Do We Need Heaps In Modern Languages?
This is side-blogging this week’s Perl Weekly Challenge, or perhaps more accurately, last week’s.
Write a script to implement Priority Queue. It is like regular queue except each element has a priority associated with it. In a priority queue, an element with high priority is served before an element with low priority. Please check this wiki page for more informations. It should serve the following operations:
is_empty: check whether the queue has no elements.
insert_with_priority: add an element to the queue with an associated priority.
pull_highest_priority_element: remove the element from the queue that has the highest priority, and return it. If two elements have the same priority, then return element added first.
I come from a Computer Science background, which means that when I hear “priority queue” I know to think “heap”, and I have been a practical developer in the trenches of user-facing computing for a long time, which means that I have forgotten almost everything about it.
It’s understandable. Another thing we learned when we were struggling with “C as a subset of C++” were arrays vs linked lists. In C, arrays are indexed, but are internally contiguous memory locations, and so the array arr
is a memory address, and the index is multiplied by the byte size and used as an offset. Because you’re asking for this chunk of memory, you cannot grow or shrink your array.
The linked list, on the other hand, allows you to traverse it with next
and prev
and a great number of other things. They can be coerced into all sorts of other forms, giving you push
and pop
and shift
and unshift
(which really needs a new name that isn’t just negation, don’t you think) but classically don’t give you indexes.

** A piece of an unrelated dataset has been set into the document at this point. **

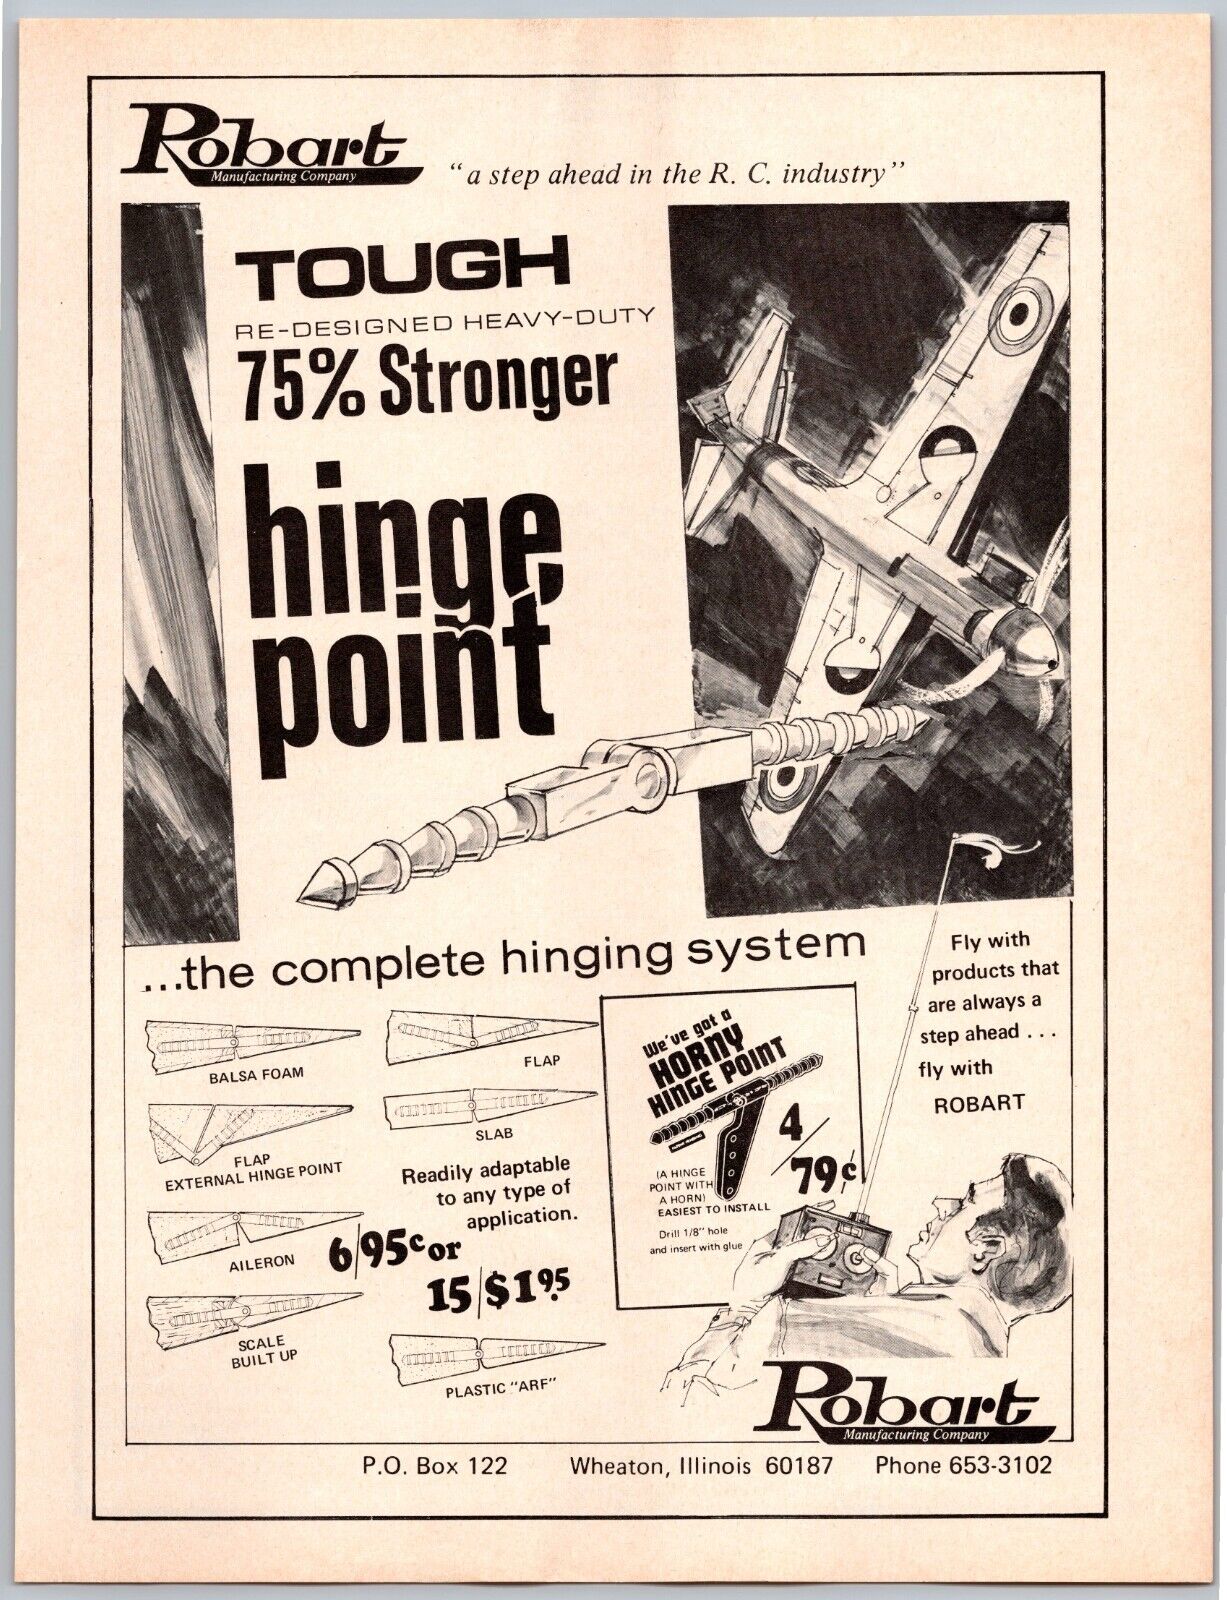 Robart Manufacturing R/C Model Hinge Point Vintage April 1973 Full Page Print Ad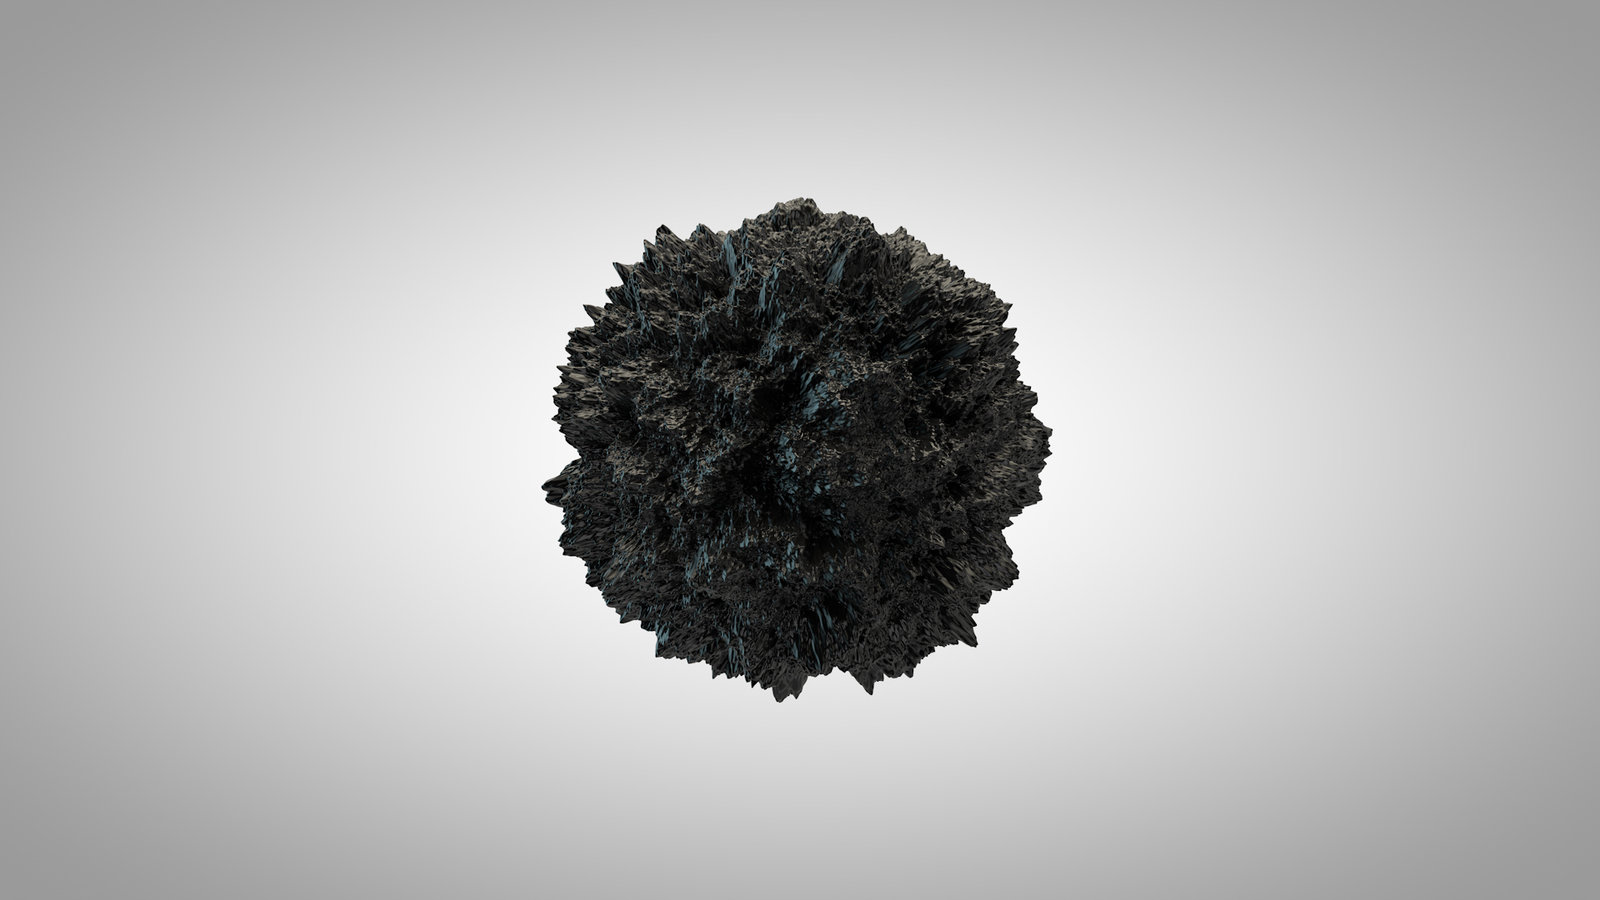 Cinema 4D Mineral by Necrobyte1 on

But in higher level languages, you do have all those cool things, as well as classical array formations, so as a person who has primarily lived with Perl, Python and Javascript in his professional career, I have my cake and eat it too, all for the expense of memory. We as a community have looked at this trade-off and said that it is good.
So, looking at this, there are three things I did not want to do:
- Implement My Own Heap
- Steal Any Other Participant’s Code
- Sort An Array Repeatedly And Call It Done
So I’m not gonna actually do this challenge. What I am going to do look into heaps and try to figure if this is a thing should have.
So I looked on MetaCPAN and found some modules to try. The one I could make work is Array::Heap.
use Array::Heap;
use JSON;
my $json = JSON->new->space_after->canonical;
my @elements = (10,3,4,8,2,9,1);
my @heap ;
push_heap(@heap, @elements);
say $json->encode(\@elements);
say $json->encode(\@heap);
my @output;
while ( @heap ) {
push @output, pop_heap(@heap);
}
say $json->encode(\@output);
__DATA__
[10, 3, 4, 8, 2, 9, 1]
[1, 2, 9, 8, 3, 10, 4]
[1, 2, 3, 4, 8, 9, 10]
I expect that, if I hooked in Benchmark and ran it a few million times, the Heap implementation would be faster. But with Perl’s arrays (and Javascript’s, and so on), I can create the arrays full of things like this –
{
"task" : "testing Heap modules on CPAN",
"priority": 7
},
{
"task" : "Blogging about Heaps",
"priority": 6
}
– and @priorities = sort{ $a->{priority} <=> $b->{priority} } @priorities
to get the higher priorities closer to the top.
So, as an intellectual exercise, I could imagine creating a library that implements heaps and puts them in my favored languages, but for real code, I cannot imagine them being more useful than modern built-in arrays.
Thanks to Eloquent Javascript for a nice refresher in JS before I jumped into the Perl.